Artemisia argyi is a perennial herb as a member of the Artemisia belonged to the family Asteraceae (Bremer Citation1994) and widely distributed in Asia, such as China, Mongolia, Japan and Korea. Artemisia species are naturalized in dry and semi-arid habitats and mentioned as “wormwood”. Artemisia argyi, referred to as “Aeyup” in Korea, has been used for the treatment of colic pain, vomiting, and irregular uterine bleeding (Zhao et al. Citation1994). Despite its useful applications, there has been little report of molecular and genomic resources (Vallès & McArthur Citation2001; Shoemaker et al. Citation2005; Liu et al. Citation2013). In this article, the chloroplast genome sequence of medicinal plant, A. argyi, was completely characterized.
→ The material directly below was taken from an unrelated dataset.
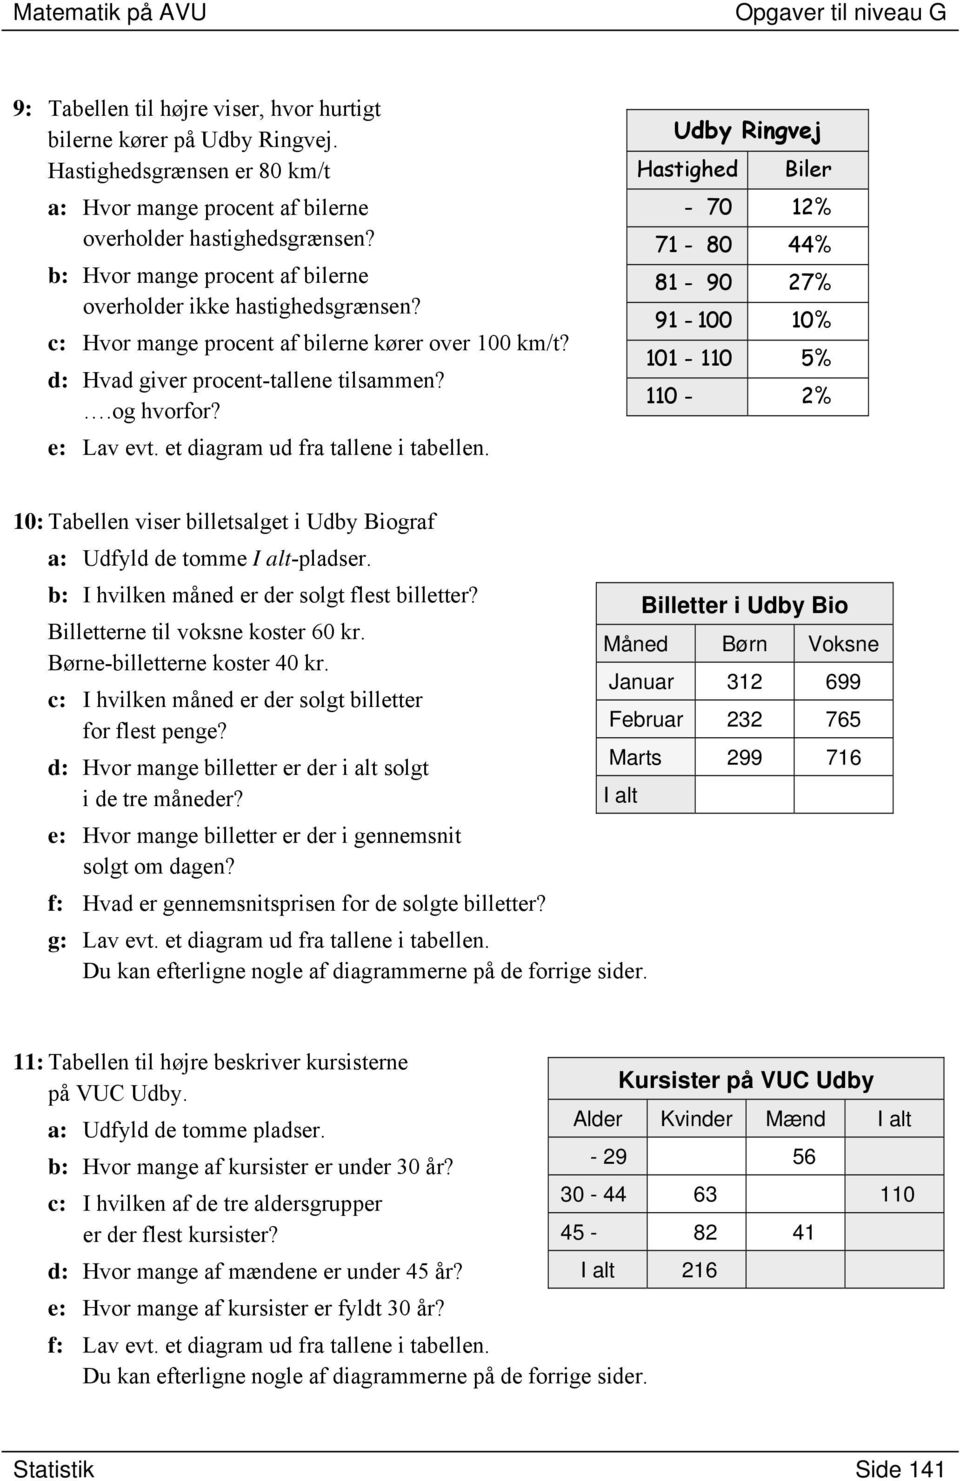 et diagram ud fra tallene i tabellen. Udby Ringvej Hastighed Biler - 7 12% 71-8 44% 81-9 27% 91-1 1% 11-11 5% 11-2% 1: Tabellen viser billetsalget i Udby Biograf a: Udfyld de tomme I alt-pladser.

The plant samples of A. argyi were collected from Eumseong (Latitude: 36° 56′38.68″N, Longitude: 127° 45′17.60″E), Korea and identified by Dr. JH Lee, Department of Herbal Crop Research, NIHHS, RDA. A voucher specimen (MPS003336) is deposited at Korea Medicinal Resources Herbarium, Eumseong Korea. Whole genome sequencing was performed using Illumina genome analyzer (Hiseq1000, Illumina, San Diego, CA) platform at the in-house facility (Genomics Division, NAAS, RDA, Jeonju, Korea). De novo assembly was performed using CLC genome assembler (v. beta 4.6, CLC Inc., Aarhus, Denmark), as mentioned in Kim et al. (Citation2015). We obtained three main contigs from de novo genome assembly. Main contigs cover the entire chloroplast genome of reported A. frigida chloroplast sequence (Liu et al. Citation2013). Three contigs could be joined as one single circular complete sequence by manual editing. Gene annotation was conducted using DOGMA (Wyman et al. Citation2004) and manual curation through comparison with published chloroplast genomes deposited on NCBI. Inverted repeats were identified using Tandem repeat finder (https://tandem.bu.edu/trf/trf.html). Simple sequence repeat (SSR) motifs were identified using NWISRL (http://ssr.nwisrl.ars.usda.gov/stop2.php). The complete chloroplast genome of A. argyi was submitted to GenBank under the accession no. KM386991.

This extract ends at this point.